For Europe-North the log shows a similar pattern.
I think I restarted the node next day but it was too late the node had been disqualified already since then on both satellites. So finally disqualification happened in less than 24 hours from correctly responding to audits to disqualification.

Alexey · August 11, 2021, 9:02am

Then there is nothing we can do. If audit score is lower than 60% - it’s permanent.
The reason - we cannot be sure that all pieces intact, we discussed that case many times on the forum.

I would not offer you to search the reason on the satellites - in your case it’s more obvious, than in case of @allenyllee . The problem that such requests consumes a lot of time for research and cannot be requested too often on this time.
I hope the Team will implement an easy tool for investigation or maybe logging on the storagenode’s side too (but it could make life of bad actors easier).

allenyllee · August 12, 2021, 9:13am

Oh, I haven’t mentioned, not only saltlake encounter this problem.
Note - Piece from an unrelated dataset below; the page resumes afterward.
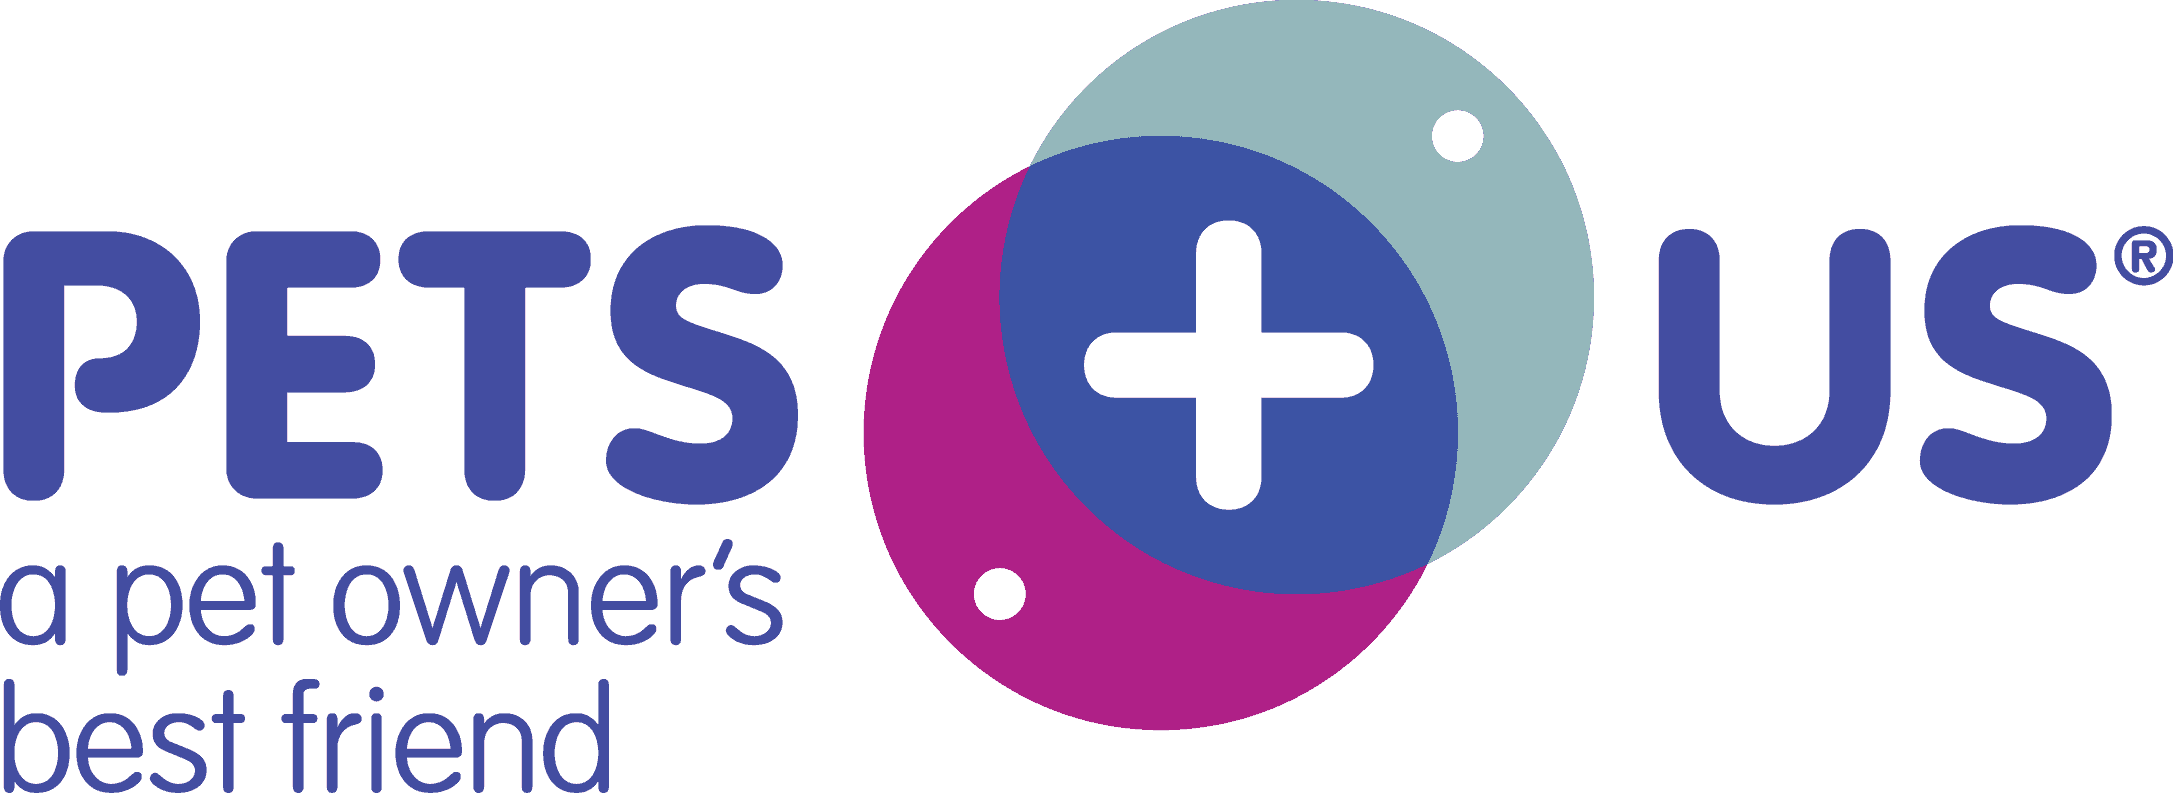 PetsPlusUs Logo

In fact, almost all satellite drops audit score during that time. If I found this situation too late, it’ll disqualified from all other satellite too. But the logs doesn’t seen any strange to other satellite too. So, if there were some situation causes this problem, it should be a systematically fail. If malicious ware can trigger this situation to whole storj network, it may break down whole SNO ecosystem permanently and can not be recovered.

So, to avoid this kind of situation, I think there should have some recovery mechanism, to recover from this “disqualification attack”.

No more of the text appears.